> _Source material_
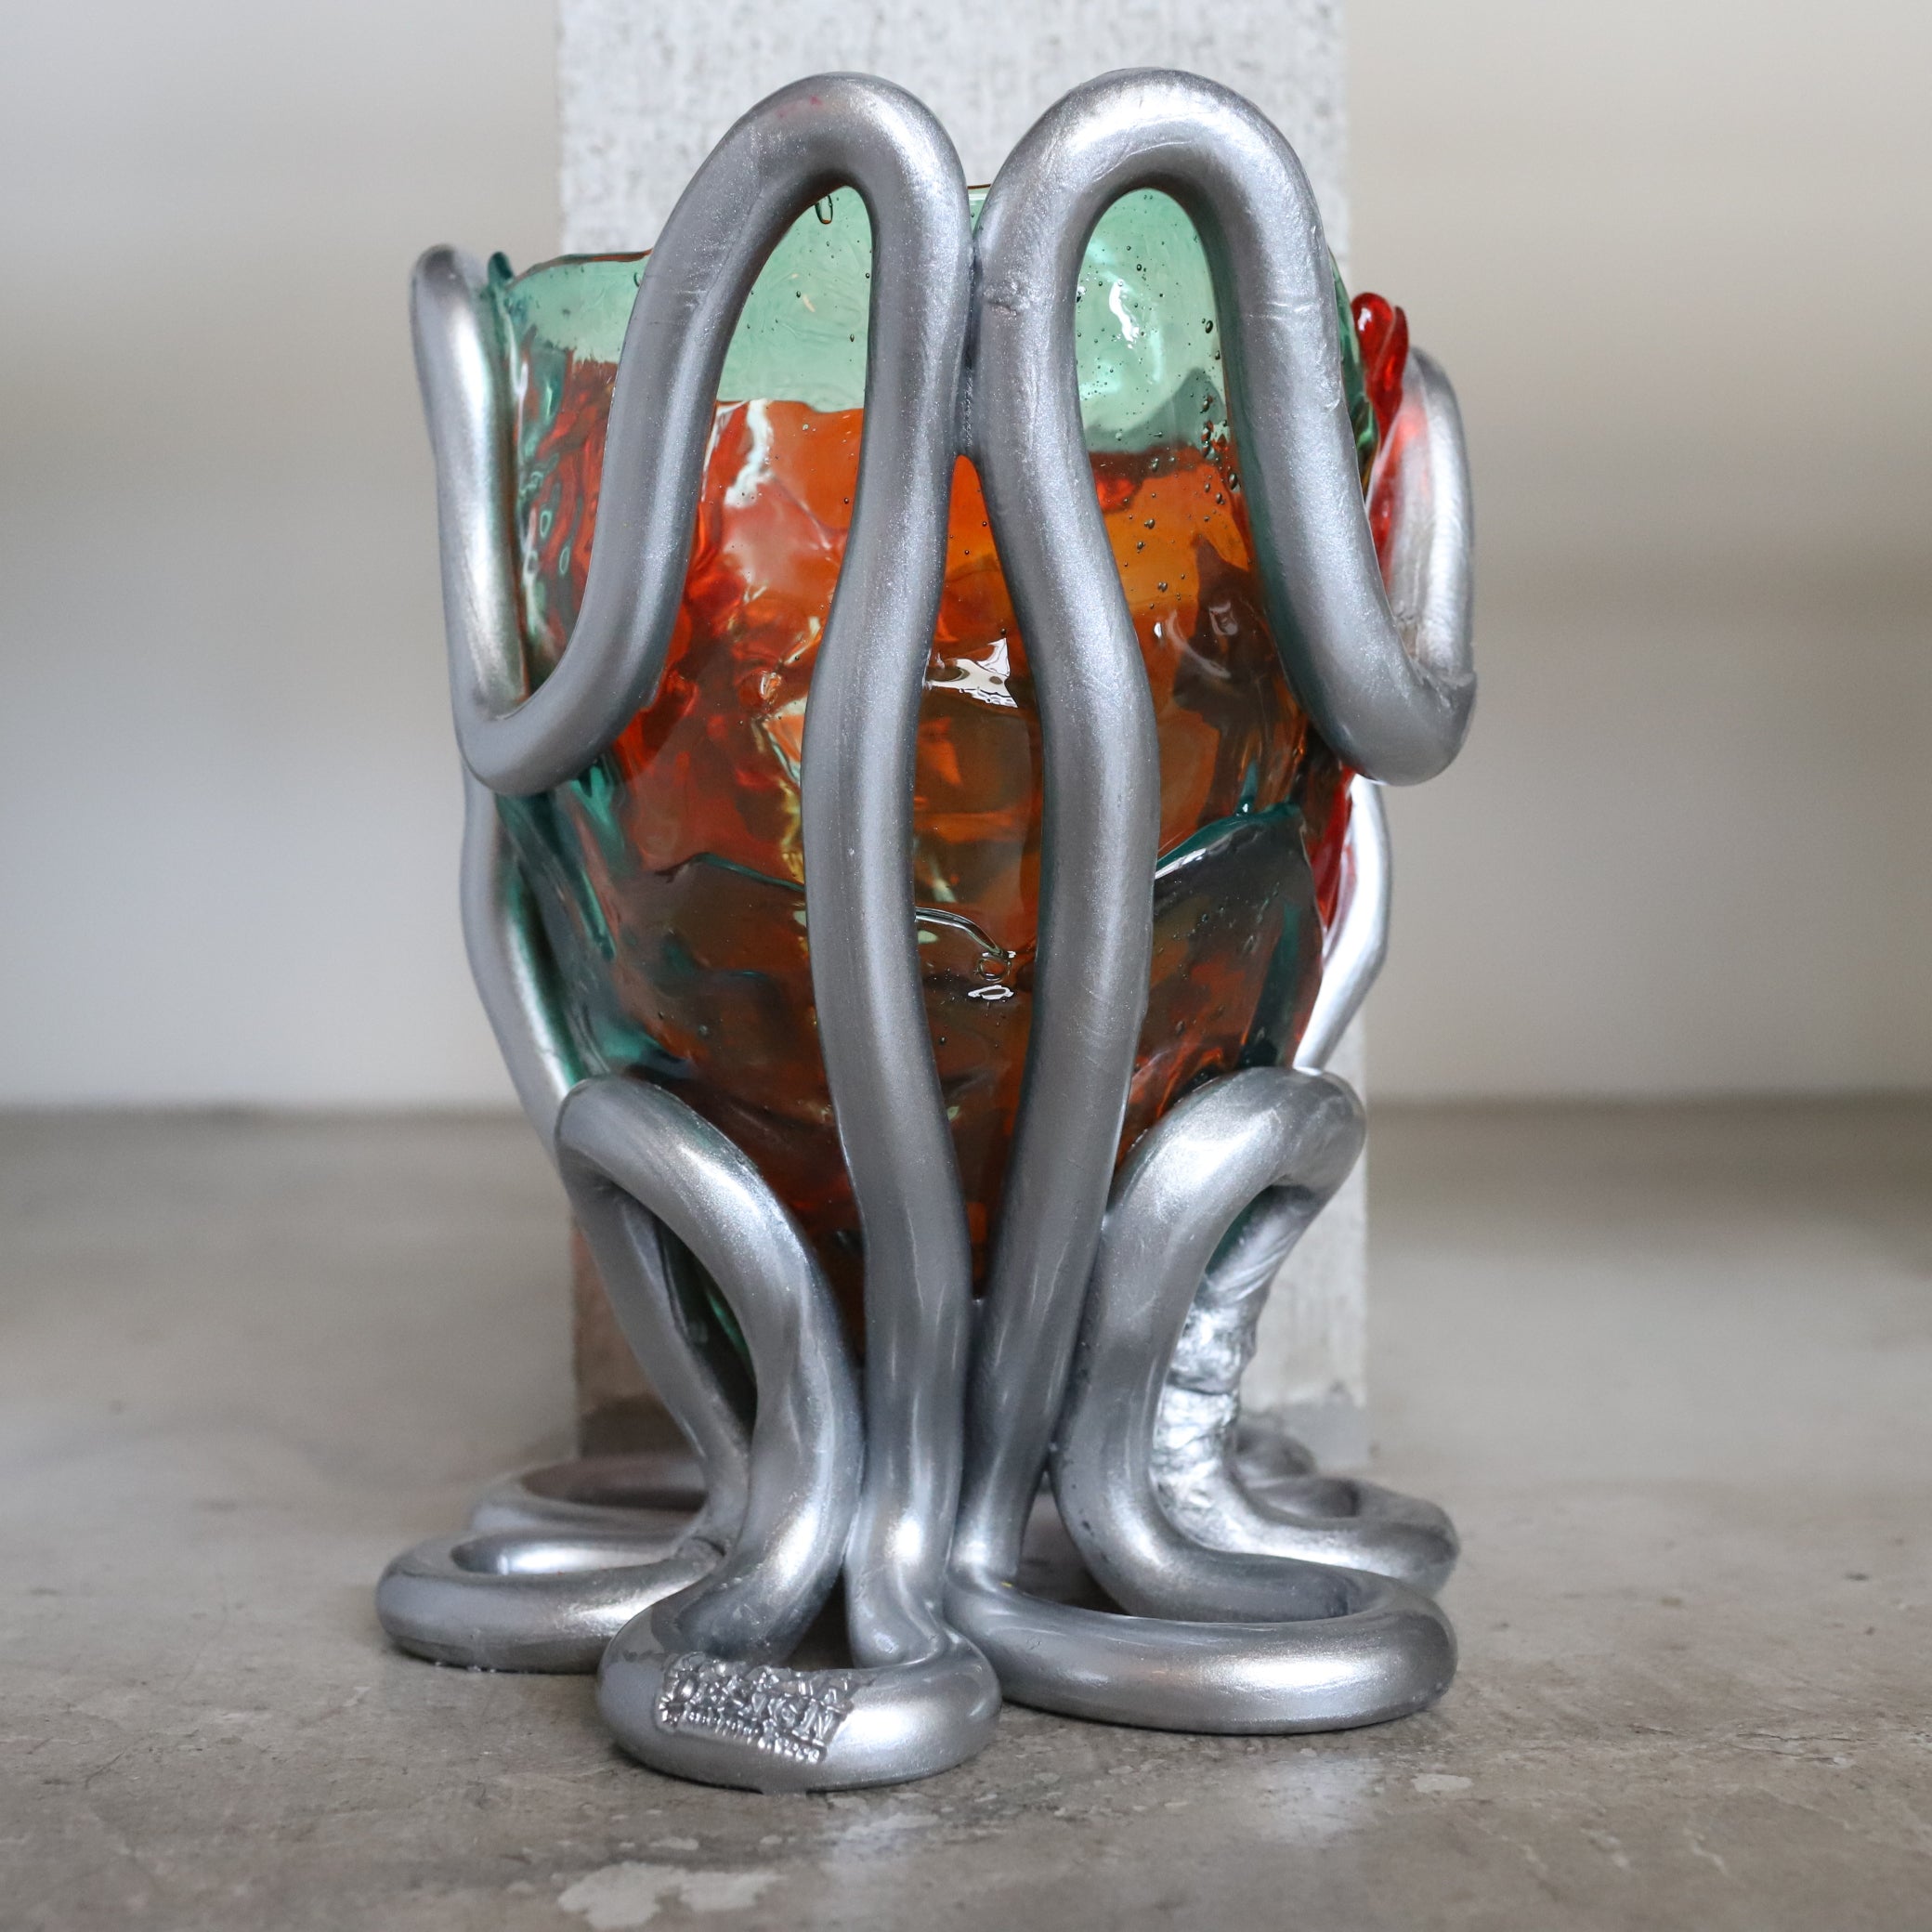 Indian Summer Vase Extra Colour - Fish Design by Gaetano Pesce
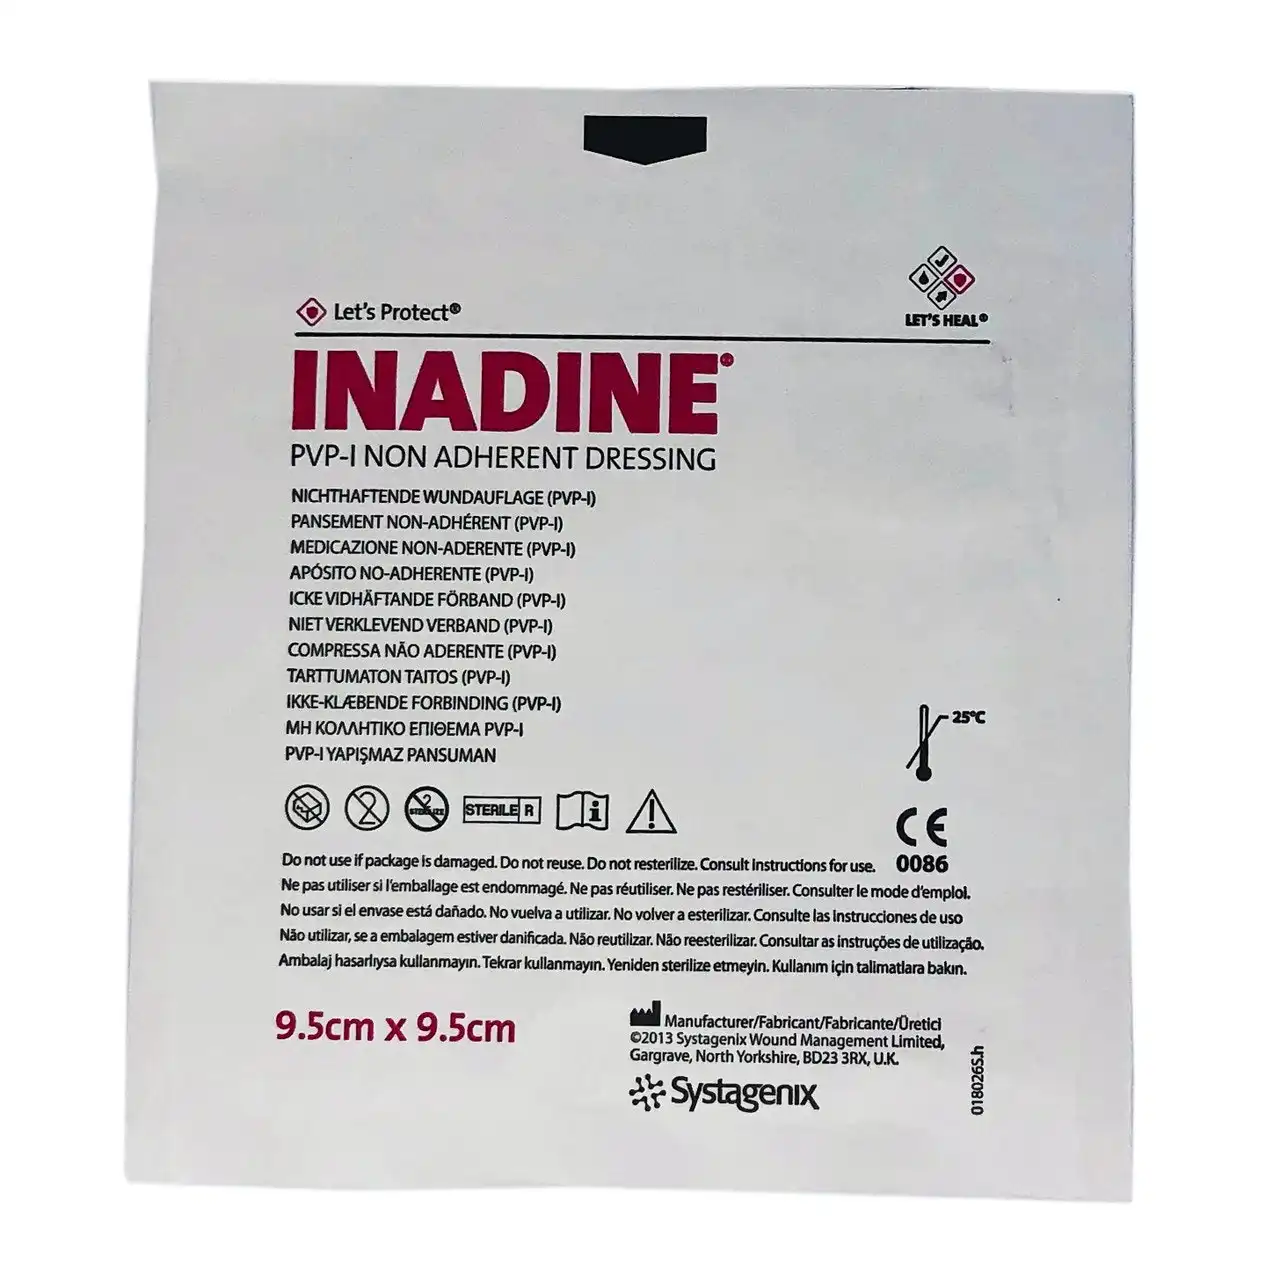 Inadine PVP-I Non Adherent Dressing 9.5cm x 9.5cm
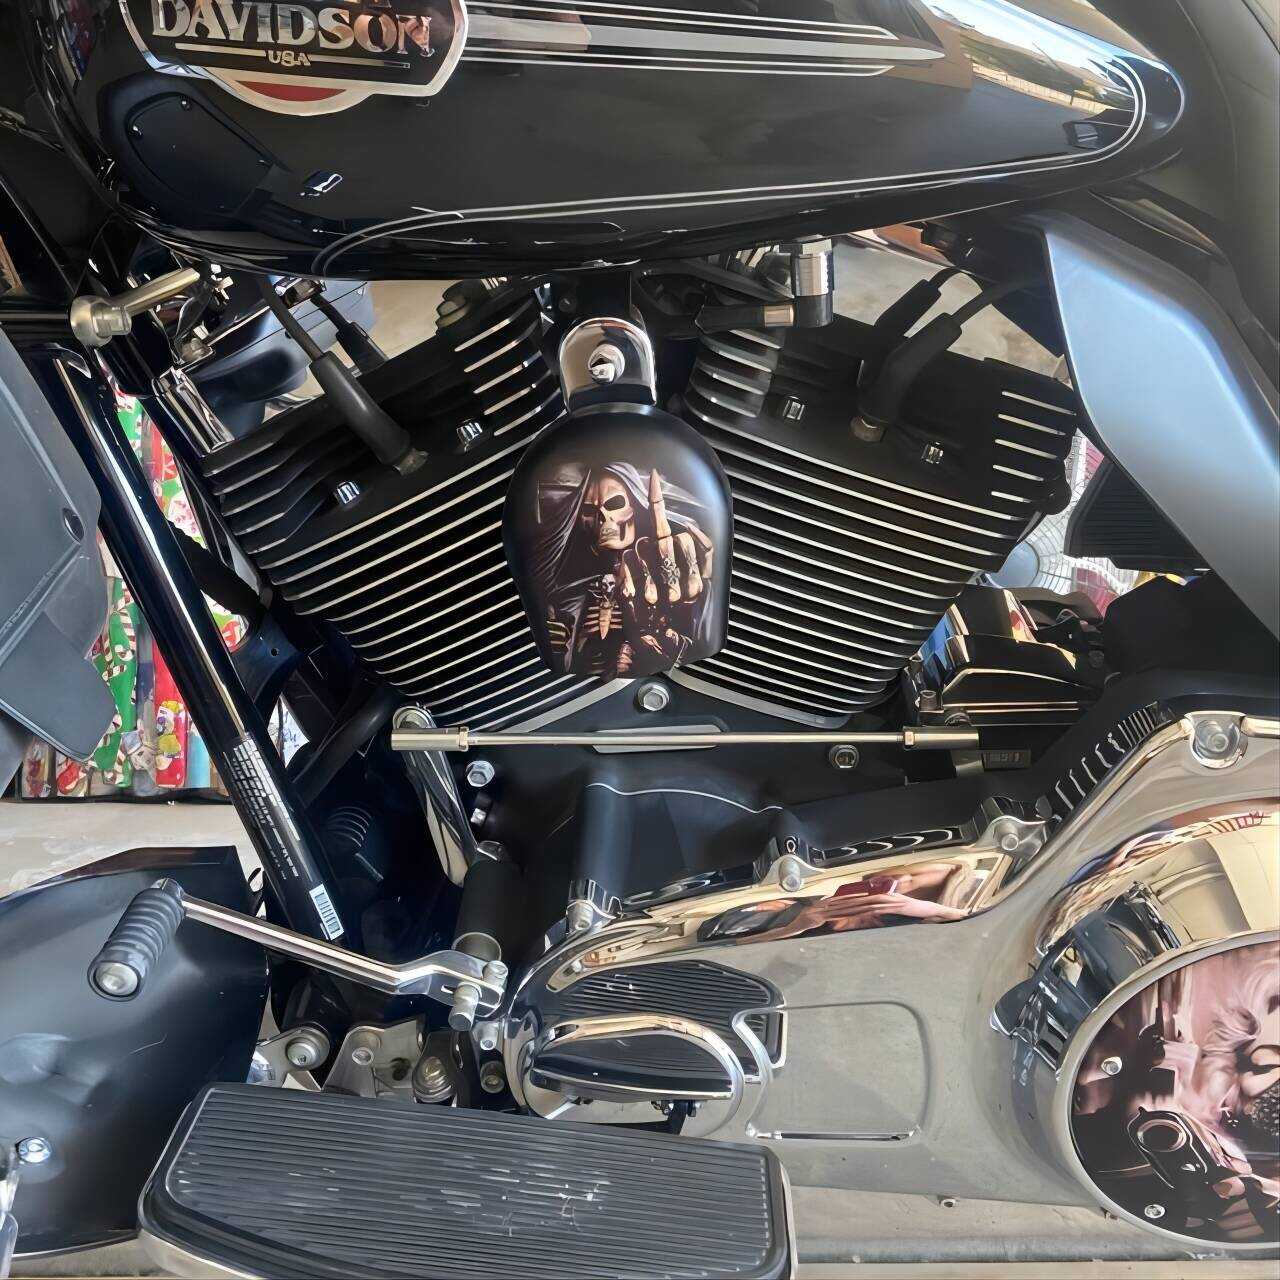 Harley Davidson Skull COWBELL HORN COVER
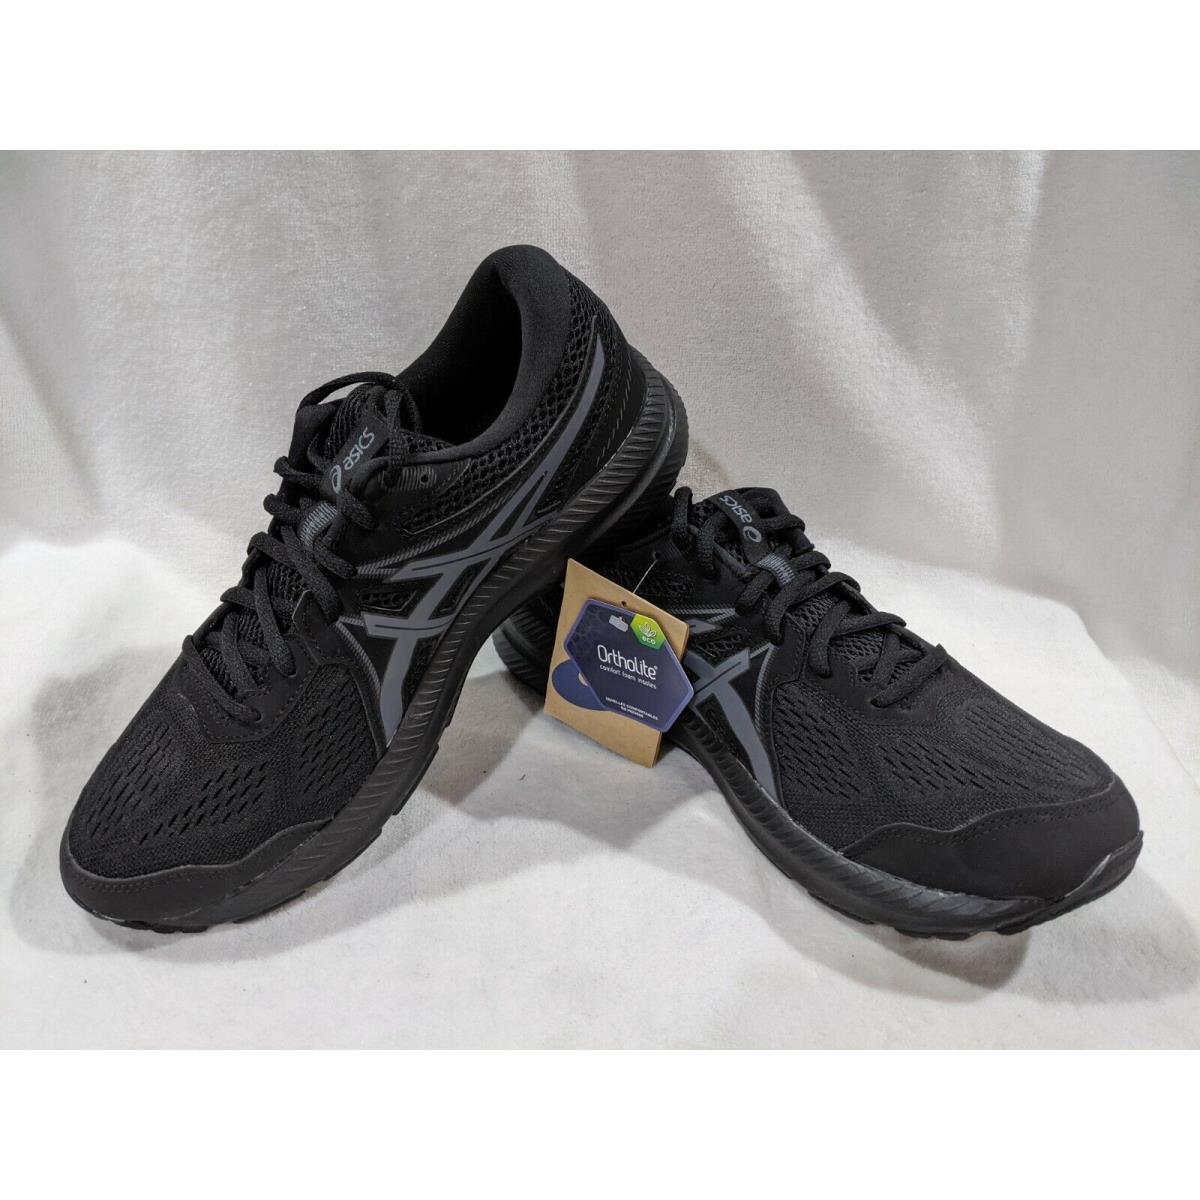 Asics Men`s Gel-contend 7 Black/grey Running Shoes - Size 8.5 X-wide 4E

> _Assigned task_
Could you copy exactly, and with no pictures, the lines above from the one containing "Inadine PVP-I Non" through the last line, both included?

> _Answer to this problem_
 Inadine PVP-I Non Adherent Dressing 9.5cm x 9.5cm
 Harley Davidson Skull COWBELL HORN COVER
 Asics Men`s Gel-contend 7 Black/grey Running Shoes - Size 8.5 X-wide 4E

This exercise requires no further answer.